For some time now, public school superintendents in Pennsylvania, as well as the governor of that state and many others, have been striving to restrict the charter school money grab that has been allowed to run amok in that state for years.

Cyber charter schools in particular, notorious for consistently abysmal academic results and for being even more corrupt than brick-and-mortar charter schools, have come under fire because they receive large sums of public funds that are vastly disproportionate to their needs, functions, and claims. Overhead costs in cyber charter schools, it should be noted, are much lower than overhead costs in brick-and-mortar public schools and brick-and-mortar charter schools, but the flawed funding system essentially treats cyber charter schools like brick-and-mortar schools. Virtual charter schools also provide fewer services and resources than brick-and-mortar public schools, which can be especially problematic for students with special needs. All of this is beside the fact that charter schools have no legitimate claim to public money in the first place because they are not public entities in the proper sense of the word. Charter schools are privatized deregulated schools run by unelected private persons. Unlike public schools, charter schools are not agencies of the state and differ from public schools in profound ways. Charter school promoters, moreover, openly espouse “free market” ideology.
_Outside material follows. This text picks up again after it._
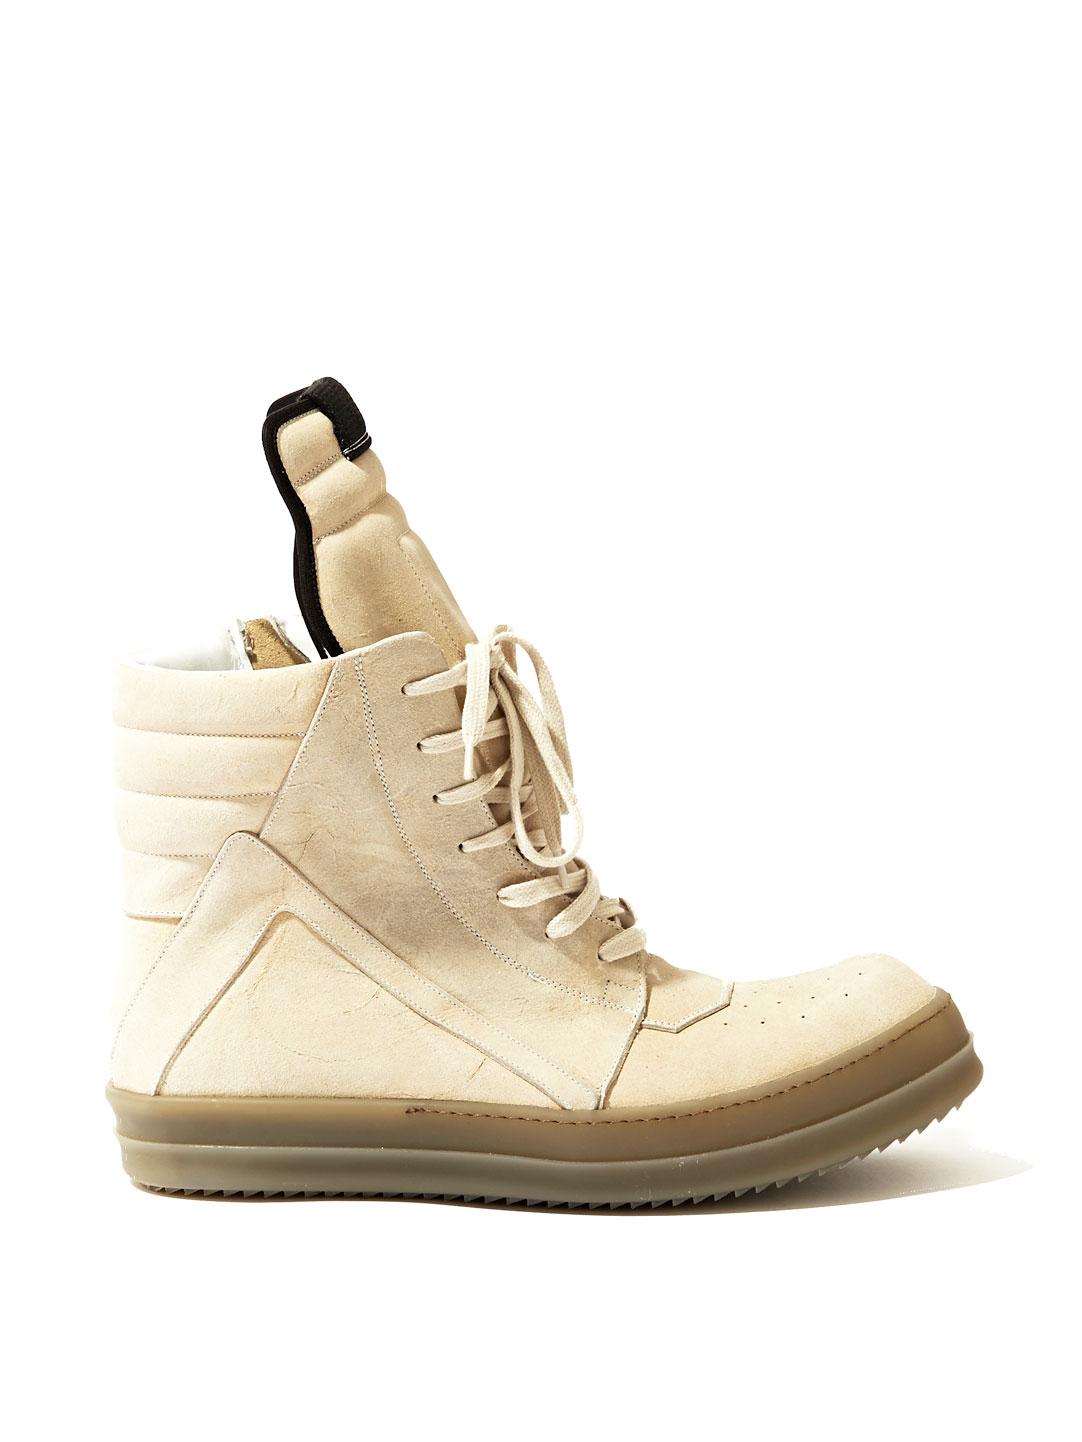 Rubber Rings For Men >> Rick Owens Mens Suede Geobasket Sneakers in Beige for Men (Neutral) | Lyst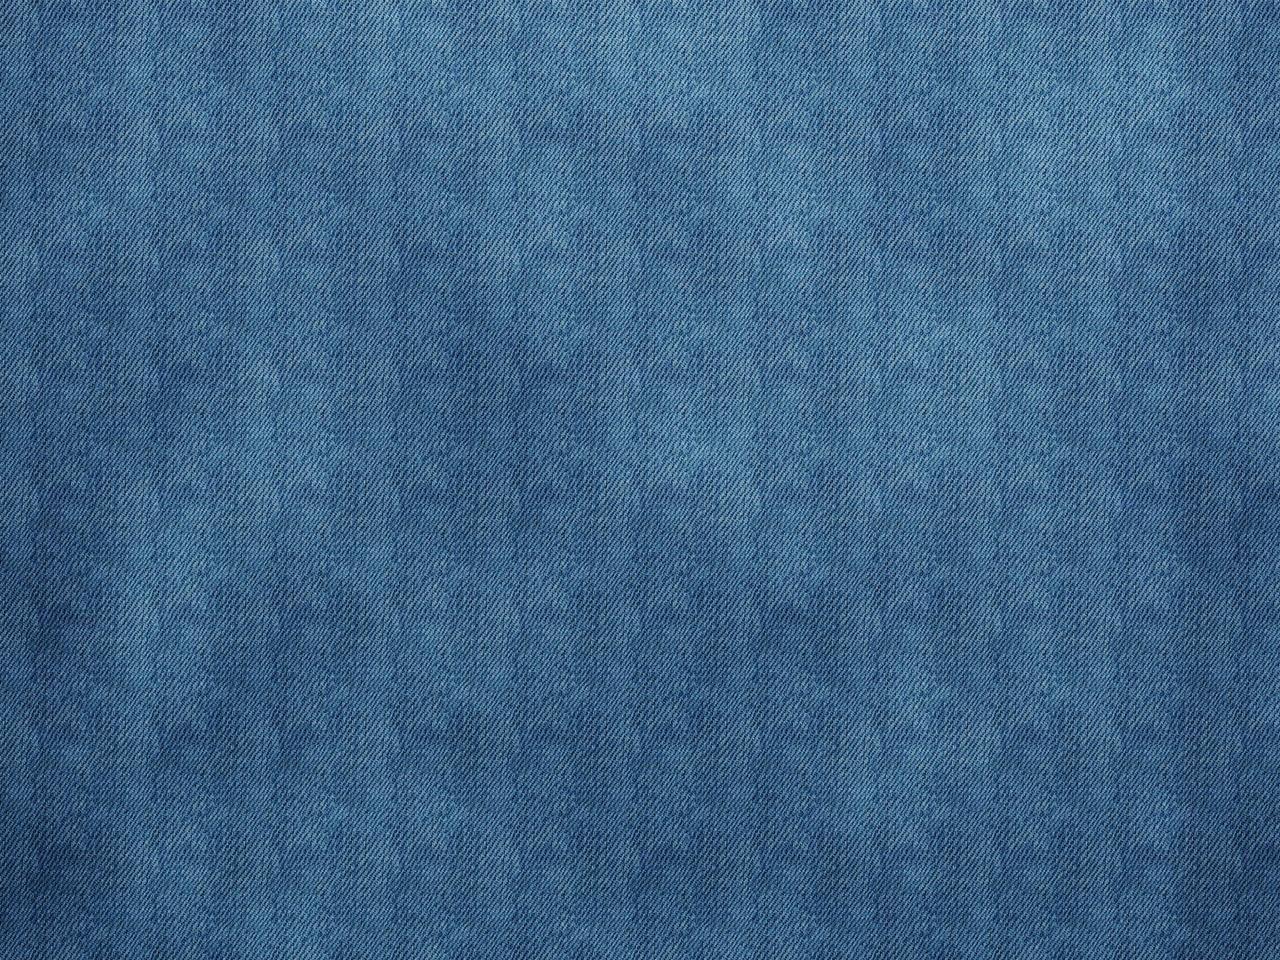 Jeans Denim Free Texture

At a recent press conference addressing the siphoning of large sums of public funds from public schools to privately-operated charter schools, Christopher Dormer, superintendent of the Norristown school district, said that, “today is an attack on a law that is broken, with skewed formulas that have resulted in drastic overpayments to charters, with little or no oversight on how those tax dollars are being spent” (emphasis added). Dormer added:

I’ll tell you, it does not cost $14,000 per year to educate a child in a fully virtual environment’, referring to what Norristown pays per student attending cyber charters. In contrast, he said, it costs the district $5,500 to educate a student fully online.